Action Name	Action Value	Description
\(\mathbf{STAY}\)	\(\mathbf{0}\)	Remain in the current cell.
\(\mathbf{UP}\)	\(\mathbf{1}\)	Move one cell North (decreases row index).
\(\mathbf{DOWN}\)	\(\mathbf{2}\)	Move one cell South (increases row index).
\(\mathbf{LEFT}\)	\(\mathbf{3}\)	Move one cell West (decreases column index).
\(\mathbf{RIGHT}\)	\(\mathbf{4}\)	Move one cell East (increases column index).
\(\mathbf{UP\_LEFT}\)	\(\mathbf{5}\)	Move one cell North-West.
\(\mathbf{UP\_RIGHT}\)	\(\mathbf{6}\)	Move one cell North-East.
\(\mathbf{DOWN\_LEFT}\)	\(\mathbf{7}\)	Move one cell South-West.
\(\mathbf{DOWN\_RIGHT}\)	\(\mathbf{8}\)	Move one cell South-East.
\(\mathbf{ROTATE\_CW}\)	\(\mathbf{9}\)	Rotate the pursuer’s \(\mathbf{FOV}\) \(\mathbf{Clockwise}\).
\(\mathbf{ROTATE\_CCW}\)	\(\mathbf{10}\)	Rotate the pursuer’s \(\mathbf{FOV}\) \(\mathbf{Counter-Clockwise}\).

Key	Type	Description
\(\mathbf{pursuer\_position}\)	\(\text{spaces.MultiDiscrete}\)	Array of flattened grid indices for \(\mathbf{P}\) positions. Shape is \((\text{num\_pursuers},)\).
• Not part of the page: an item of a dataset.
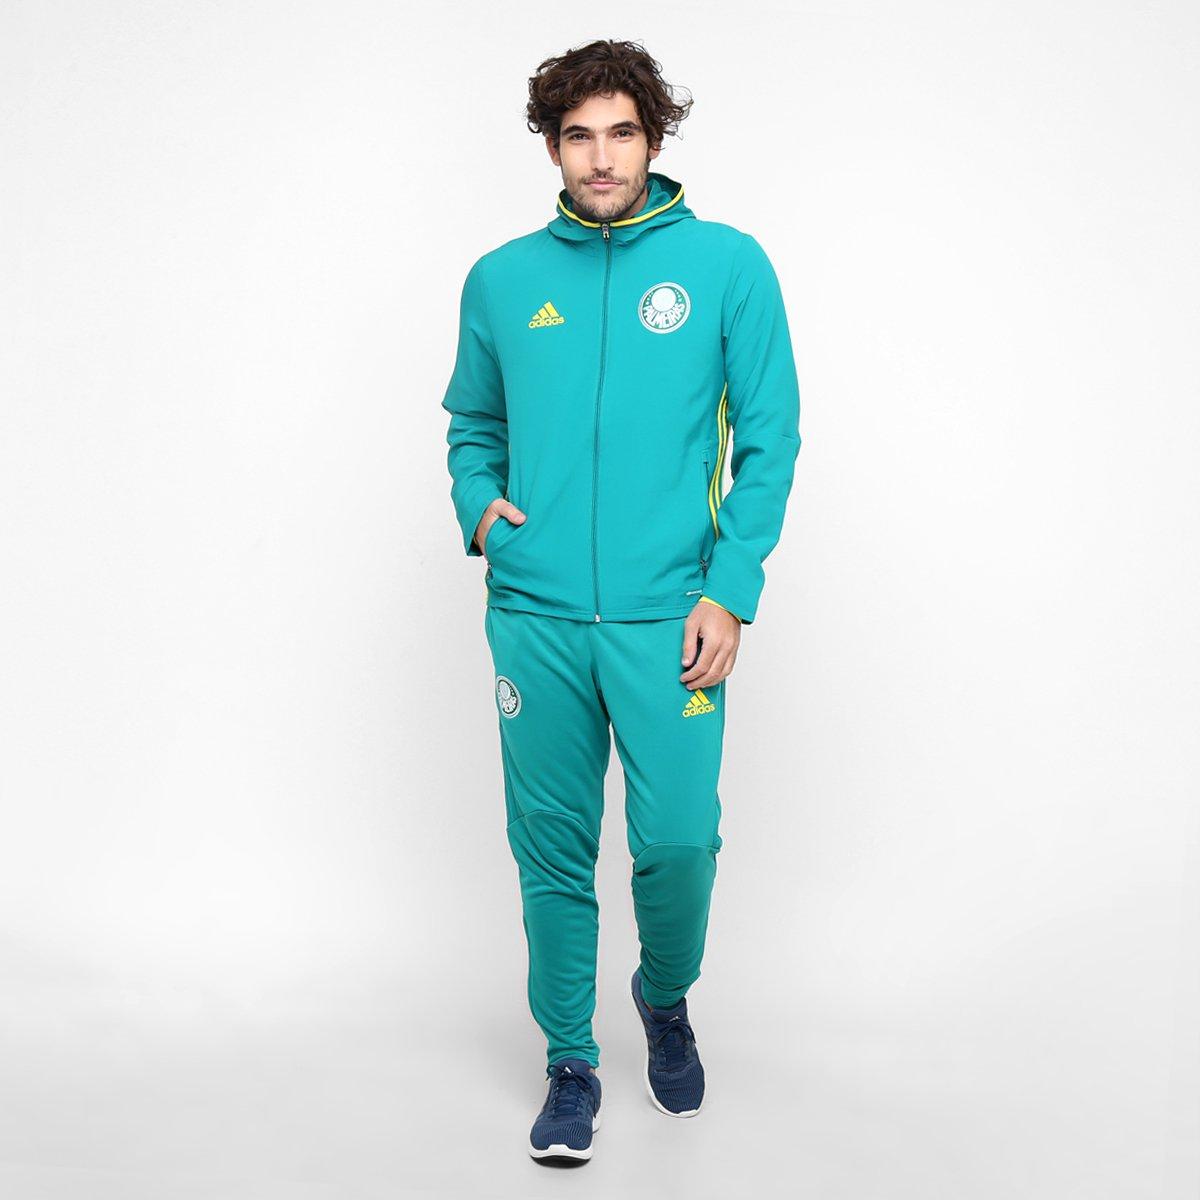 143f8b889d8ac Agasalho Adidas Palmeiras Viagem - Compre Agora

\(\mathbf{evader\_position}\)	\(\text{spaces.Box}\)	Flattened grid index for the \(\mathbf{E}\)’s position. Returns -1 if the \(\mathbf{E}\) is not in view of any \(\mathbf{P}\) and \(\mathbf{is\_evader\_always\_observable}\) is \(\mathbf{False}\) (Partial Observability).
\(\mathbf{goal\_position}\)	\(\text{spaces.MultiDiscrete}\)	Array of flattened grid indices for all possible \(\mathbf{G}\) locations. The true goal is not explicitly revealed.
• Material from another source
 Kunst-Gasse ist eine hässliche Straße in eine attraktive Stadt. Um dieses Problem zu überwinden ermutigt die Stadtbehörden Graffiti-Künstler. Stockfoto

Parameter	Type	Default	Description
\(\mathbf{num\_pursuers}\)	\(\text{int}\)	\(\mathbf{1}\)	Number of pursuer agents. This can be used to induce \(\mathbf{Structural}\) \(\mathbf{Change}\) by varying the number of active agents (e.g., simulating agent failure by setting some to \(\mathbf{STAY}\) or removing them from dynamics).
\(\mathbf{fov\_distance}\)	\(\text{float}\)	\(\mathbf{2}\)	Maximum vision range of each pursuer. Used to introduce \(\mathbf{Environmental}\) \(\mathbf{Drift}\) by gradually or abruptly changing the vision capability.
\(\mathbf{fov\_angle}\)	\(\text{float}\)	\(\mathbf{\pi / 2}\)	Angular width of the pursuer’s Field of View. Used to introduce \(\mathbf{Environmental}\) \(\mathbf{Drift}\) by changing the angular vision capability.
\(\mathbf{game\_mode}\)	\(\text{str}\)	\(\mathbf{"capture"}\)	Determines the reward/termination logic: \(\mathbf{"capture"}\) or \(\mathbf{"follow"}\). Used for \(\mathbf{Reward}\) \(\mathbf{Non-Stationarity}\) by switching the optimization goal and reward function.
\(\mathbf{is\_evader\_always\_observable}\)	\(\text{bool}\)	\(\mathbf{True}\)	If \(\mathbf{False}\), the \(\mathbf{E}\)’s position is -1 outside any \(\mathbf{P}\)’s FOV. Used for \(\mathbf{Observation}\) \(\mathbf{Non-Stationarity}\) by switching between fully observable (\(\mathbf{True}\)) and partially observable (\(\mathbf{False}\)) modes.
\(\mathbf{allow\_diagonal\_evader\_movement}\)	\(\text{bool}\)	\(\mathbf{False}\)	Whether the \(\mathbf{E}\)’s path can include diagonal moves. Used to modify \(\mathbf{Evader}\) \(\mathbf{Dynamics}\) by changing the mobility of the target.
\(\mathbf{goal\_locations}\)	\(\text{np.ndarray}\)	\(\mathbf{[(H/2, W/2)]}\)	Set of possible destinations for the \(\mathbf{E}\). Used to modify \(\mathbf{Evader}\) \(\mathbf{Behavior}\) by changing the target space of the \(\mathbf{E}\).

Element	Symbol (Render)	Color
Pursuer	\(\mathbf{P}\)	Blue (`\033[94mP\033[0m`)
Evader	\(\mathbf{E}\)	Red (`\033[91mE\033[0m`)
Goal	\(\mathbf{G}\)	Green (`\033[92mG\033[0m`)
Obstacle	\(\mathbf{X}\)	Default
Visible Cell	\(\mathbf{o}\)	Yellow (`\033[93mo\033[0m`)
Empty Cell	\(\mathbf{.}\)	Default